5
Location: East Bank of Mississippi River, near the Washington Ave. Bridge
Crew: Spaz (me)
Mission Time: 1/2 hrs
Difficulty: Easy
I happened to find myself biking down the river road this morning when I remembered seeing something on some person's web page late one night, about a tunnel entrance on the opposite bank, near where I was. I spotted not one, but two concrete structures on the far bank, and having nothing but time to kill, decided to check them out.
I crossed back over the river, through the university, and locked my bike up down by the long stairs from Coffman. From there, I hiked along a foot trail beneath the cliffs.

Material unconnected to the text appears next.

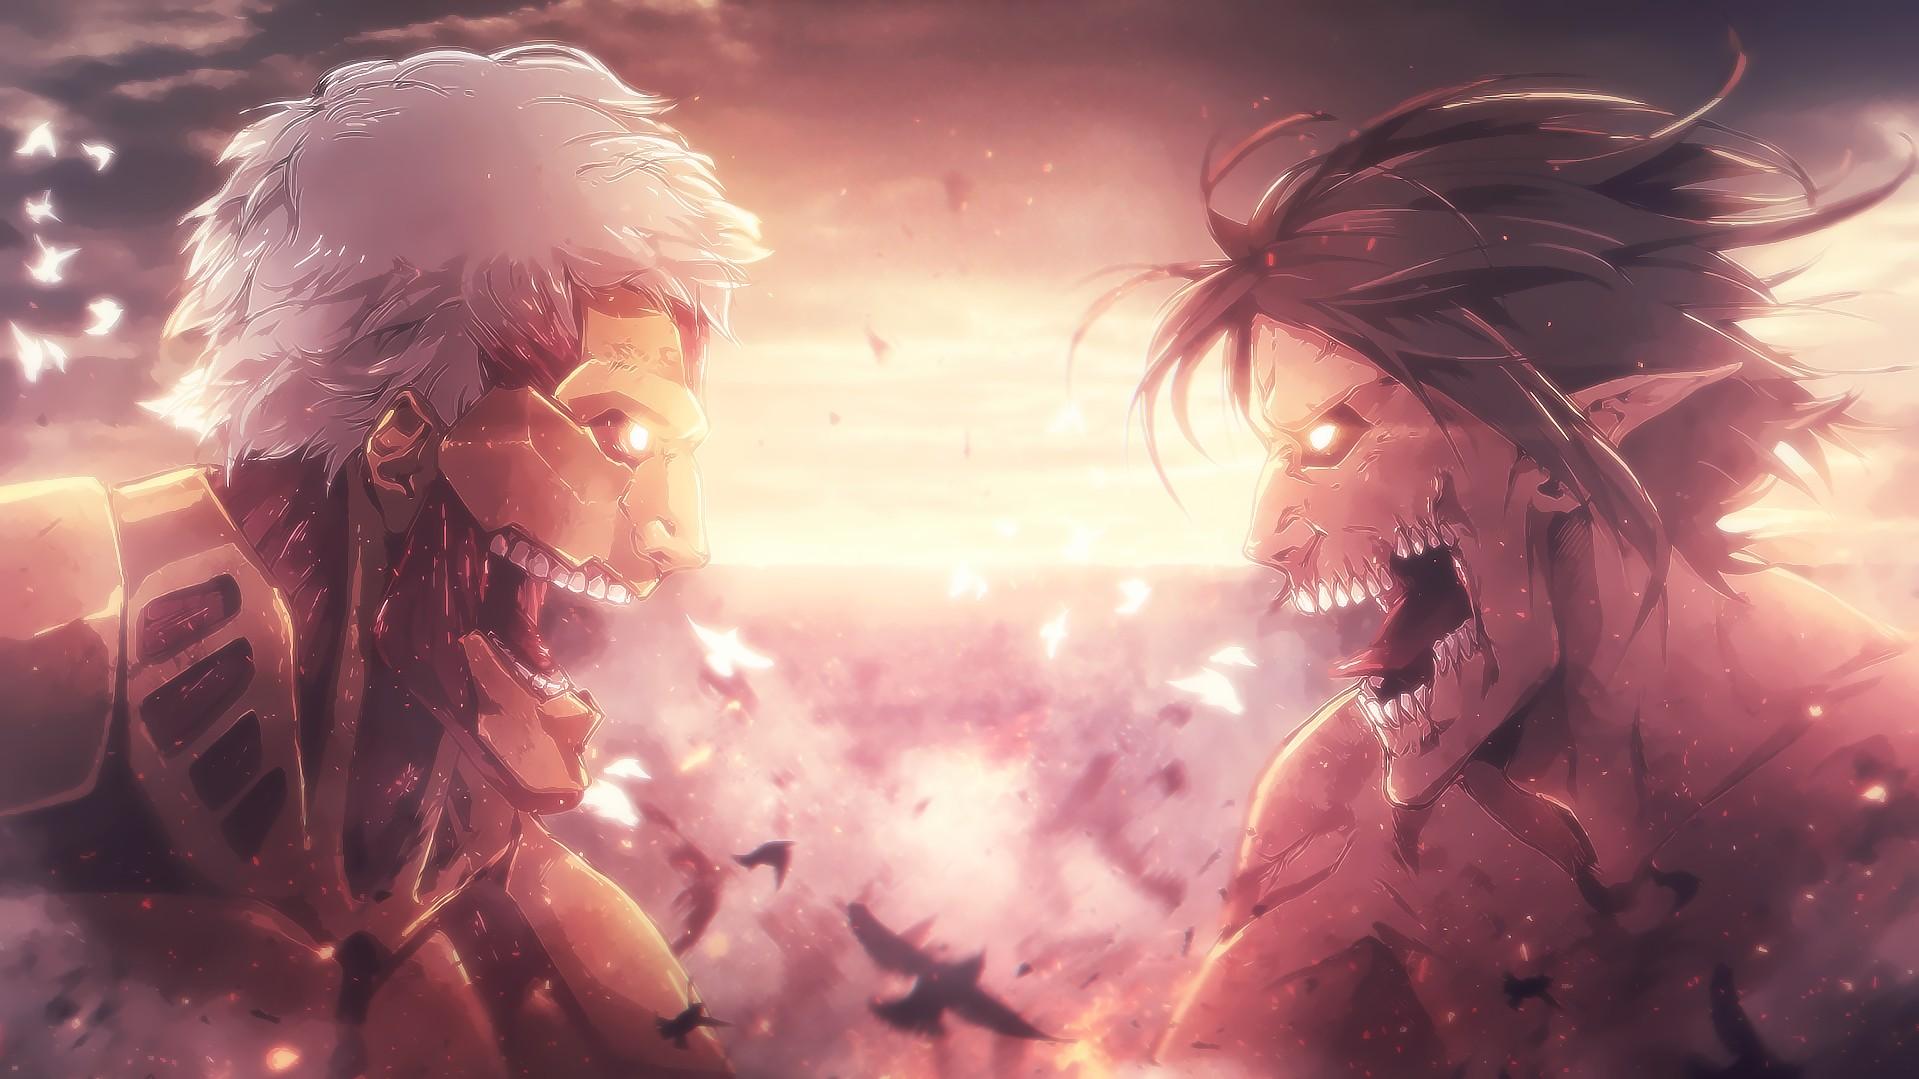 Wallpaper Engine - Shingeki no Kyojin Anime Soundtracks Animated Wallpaper

The first structure was just a concrete tunnel leading back into the river bank. A sign near the entrance warned of high pressure steam and CCTV surveillance cameras. Ssurveillance cameras, yah right.

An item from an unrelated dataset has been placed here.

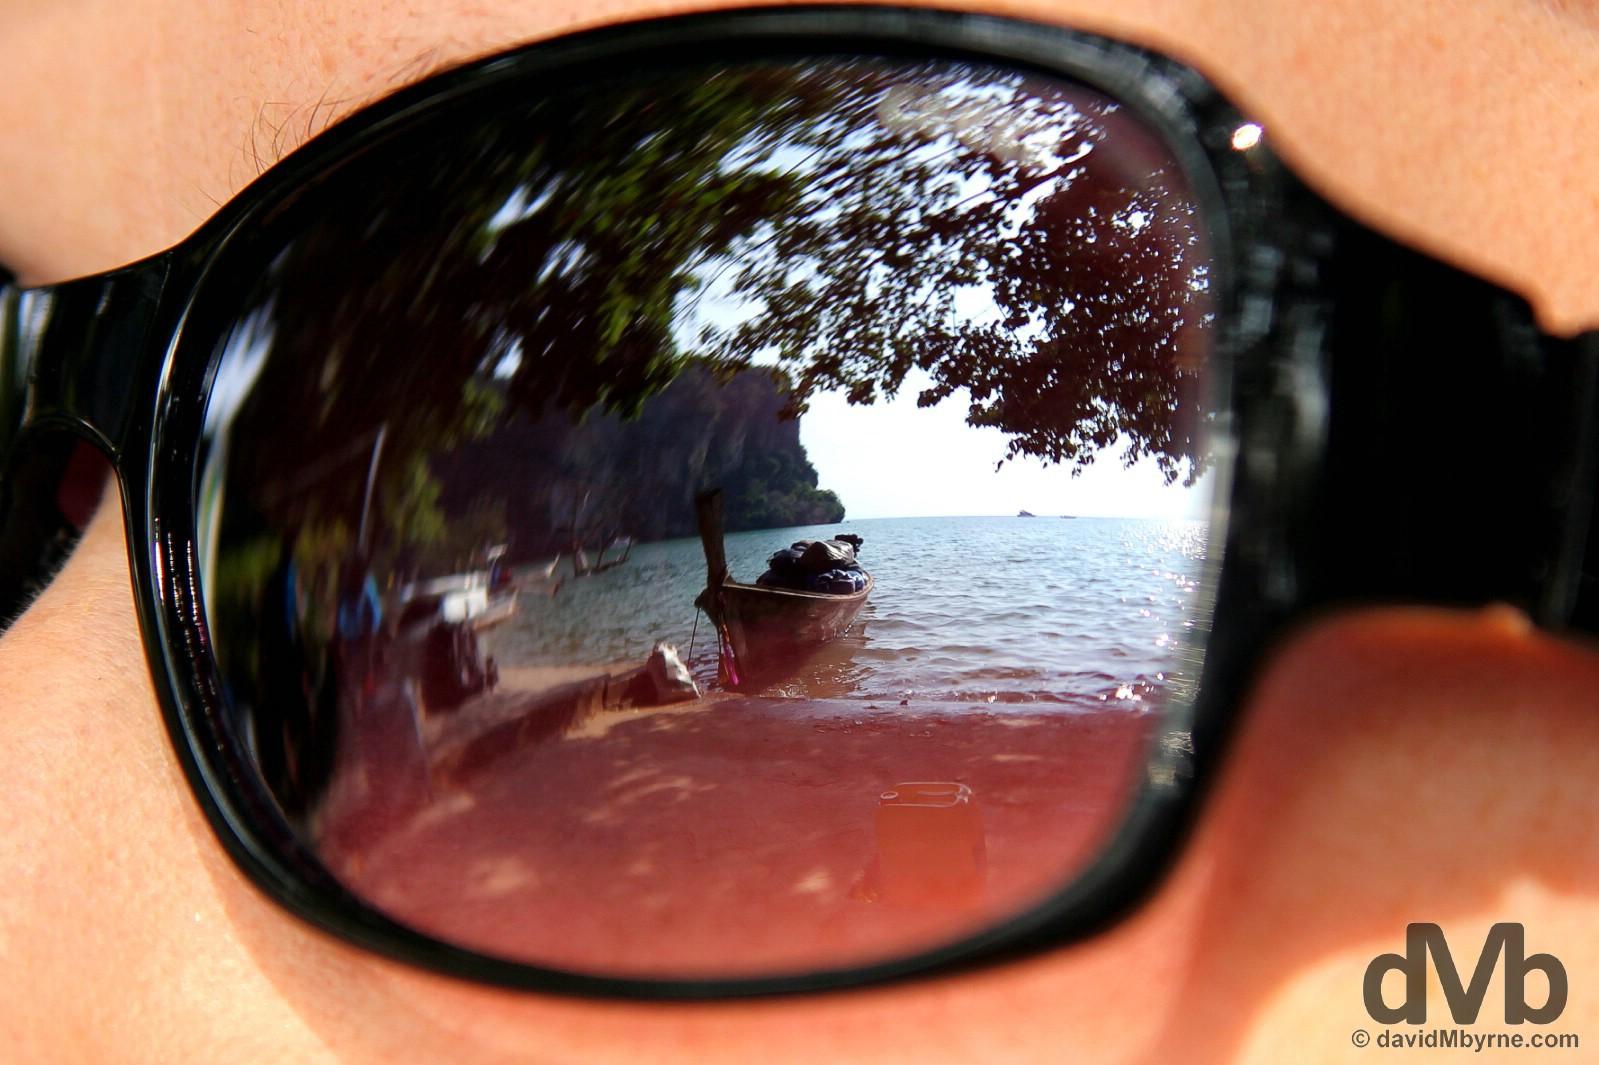 Long-tail boat reflections on Hat Rai Leh West Beach, Krabi, Thailand, Thailand. March 20, 2012.

The mouth of the tunnel was blocked by a iron gate. There was no way this was gonna budge
A look through the gate, and down into what becomes a sandstone tunnel. Beyond the darkness, the lower level U of M East Bank Steam Tunnels.

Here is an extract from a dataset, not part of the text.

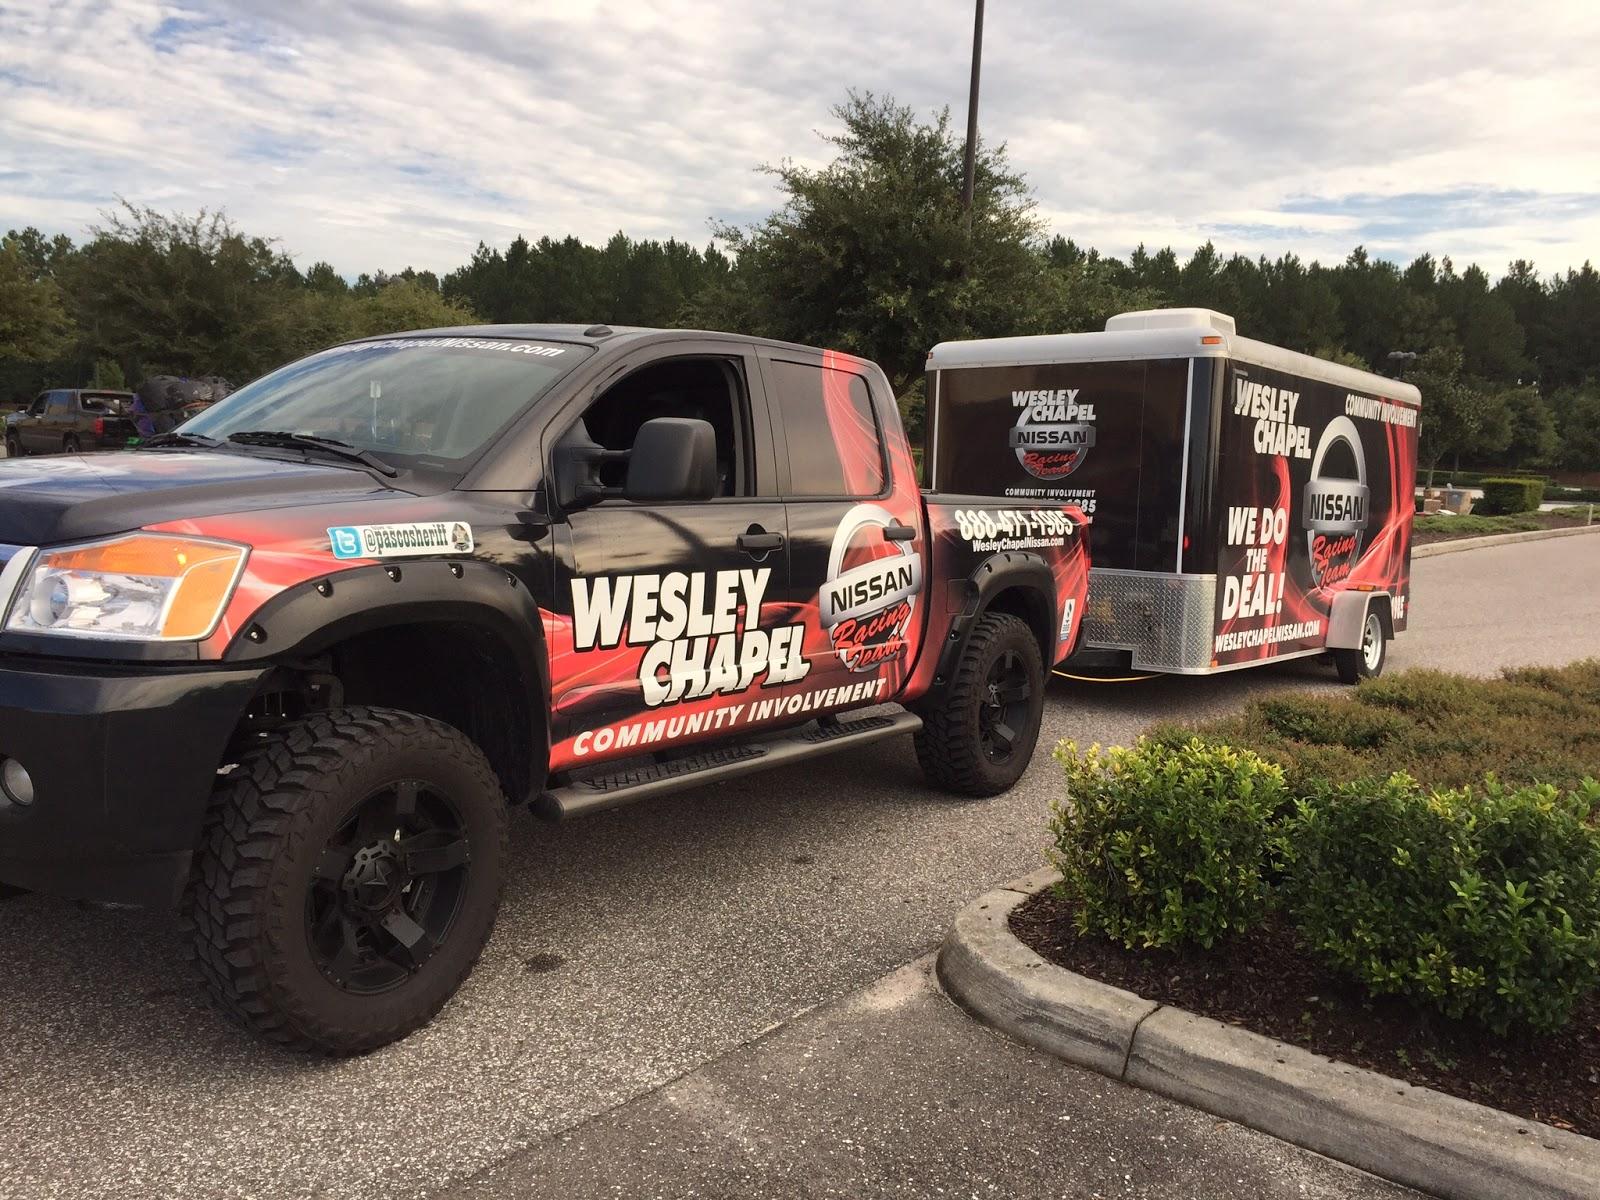 Wesley Chapel Nissan Bogo >> Wesley Chapel Nissan: Back to School Bash with Wesley Chapel Nissan

Defeated, I decided to move on to my next objective.
Looking back across the river at the Washington Ave. Bridge from the blocked steam tunnel entrance.
A few minutes later, I was looking down at the other structure that I had seen from across the Mississippi. It looked like the entrance to a bunker. I walked up to the door, to see if there was a way to open it. Unfortunately, the door was barred, by three bars of iron, bolted across the heavy door, but where there is a will, there is a way
The entrance to what ever is on the other side was barred shut. No one has gone through there for years.
A very large spider sits in the middle of its web near the door, only a taste of what is to come.
There is always another way in, especially in Urban Exploring, and what you seek might be closer that you think. That is what I did, I stopped to think... and listen. Soon I was ducking through a cement culvert beneath "the bunker", waving my spider wand (a stick I used to clear the nearly solid masses of sizeable spiders and cobwebs) in front of me as I went.
A few yards in, I arrived at a spot where a metal grate that would have welcomed people entering through the door, had been broken down (not an easy task), to provide access up in to the tunnel.
Water flows through the drain from campus above, through the tunnel, and into the river.
Standing up through the grate, and looking in to the still blackness beyond. This is as far as I got.
Lacking flashlights and backup, I didn't go any further in, so I went and ate breakfast/lunch at Coffamn, but will return soon. It is possible that this storm drain tunnel links to the U of M Steam Tunnels further back.